The BayStars’ win snapped a 12-game winless streak of 10 losses and two ties. With a 3-1 lead in the fifth, Tigers rookie Teruaki Sato made the misplay of the game. He charged a two-out ground ball into right, overran it. Kazuki Kamizato, who scored on the play, was credited with a three-run single.

The BayStars opened the scoring in the second in a most Fujinami way, on a groundout after three no-out second inning walks. Fujinami walked in the BayStars’ third run by following Keita Sano’s third-inning RBI double with three more straight walks.

Giants 2, Carp 1

At Tokyo Dome, Yomiuri ace Tomoyuki Sugano (2-1) threw his second straight complete game victory, outdueling Hiroshima’s Allen Kuri (3-2) with all three runs coming on home runs, a two-run fifth-inning shot by Giants catcher Takumi Oshiro and Seiya Suzuki’s fifth home run in the sixth.

Afterward, Sugano was asked about Oshiro’s contribution.

“He called a good game, and helped me attack aggressively. I feel grateful for him since I have to say he carried me,” Sugano deadpanned as the Tokyo Dome crowd, prohibited from vocal cheering nevertheless erupted in laughter.

Oshiro shared the hero interview podium and one would have thought he was Giants manager Tatsunori Hara’s nephew instead of Sugano. Hara loves to tease reporters when asked about tactics by refusing to give away secrets.

Asked about his approach to the game, Oshiro borrowed from his skipper’s playbook, and said, “I can’t say that. It’s a secret.”

Giants-Carp highlights

Swallows 6, Dragons 4

At Tokyo’s Jingu Stadium, Tetsuto Yamada homered twice, doubled, scored three runs and drove in three in the Yakult Swallows’ come-from-behind win over the Chunichi Dragons. Yamada, who hit 12 homers last year, has seven in 2021.

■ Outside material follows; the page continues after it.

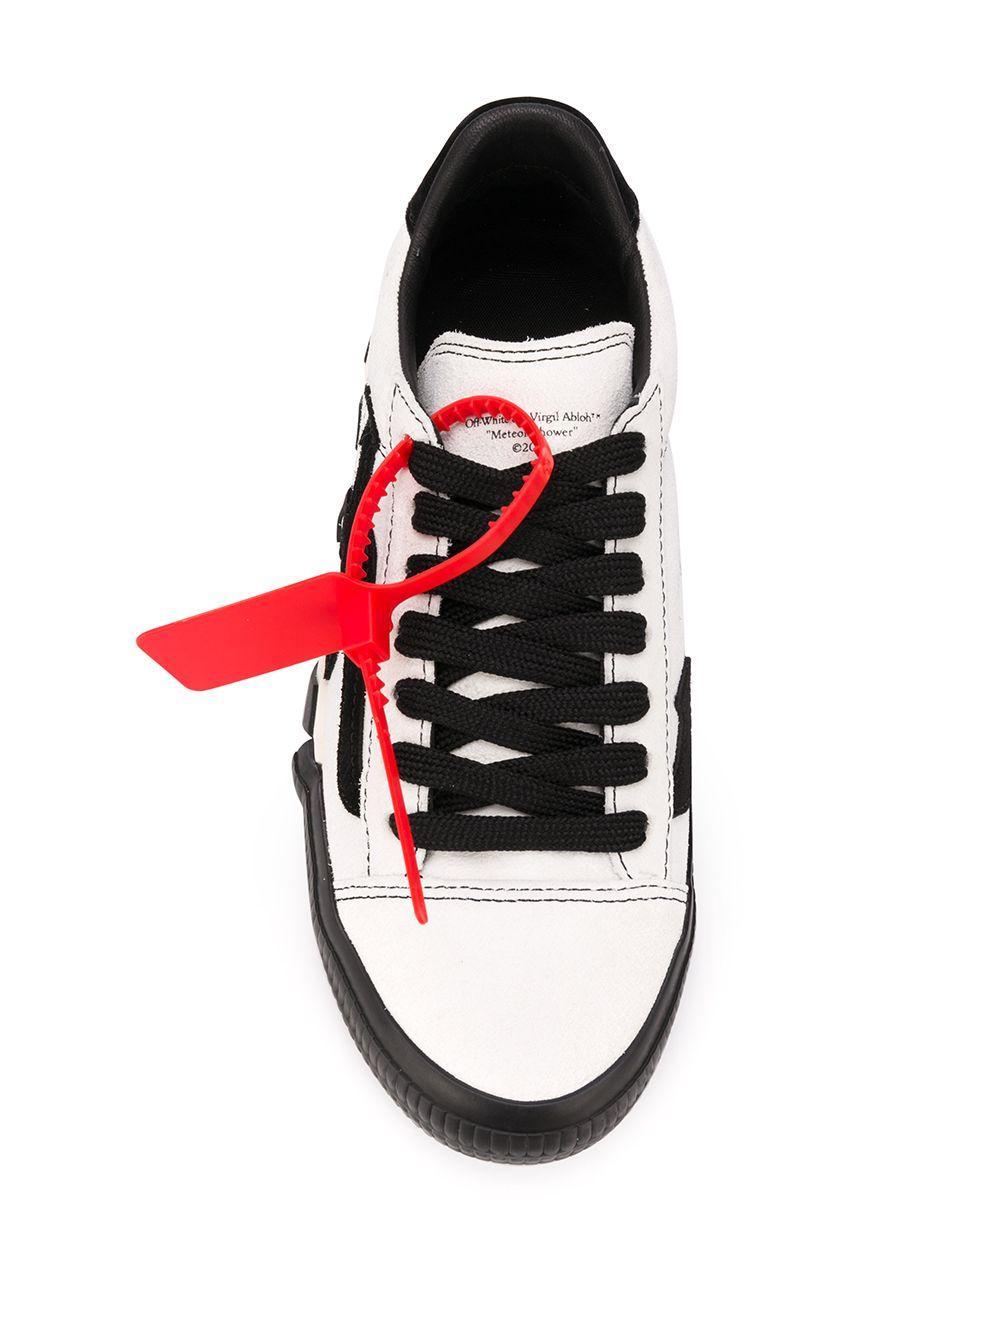 Zapatillas bajas Vulcanized Off-White c/o Virgil Abloh de Caucho de color Blanco

Rookie Yasunobu Okugawa started for the Swallows and again proved very hittable as the Dragons put swings on lots of his pitches as he surrendered four runs on10 hits over five innings without issuing a walk. Lefty Takahiro Matsuba took a 4-1 lead into the fifth inning. Yamada’s RBI double, the Swallows’ third hit of the inning, chased him. Munetaka Murakami plated Yamada for the tying run with his third hit of the day, off new reliever Hiroshi Suzuki.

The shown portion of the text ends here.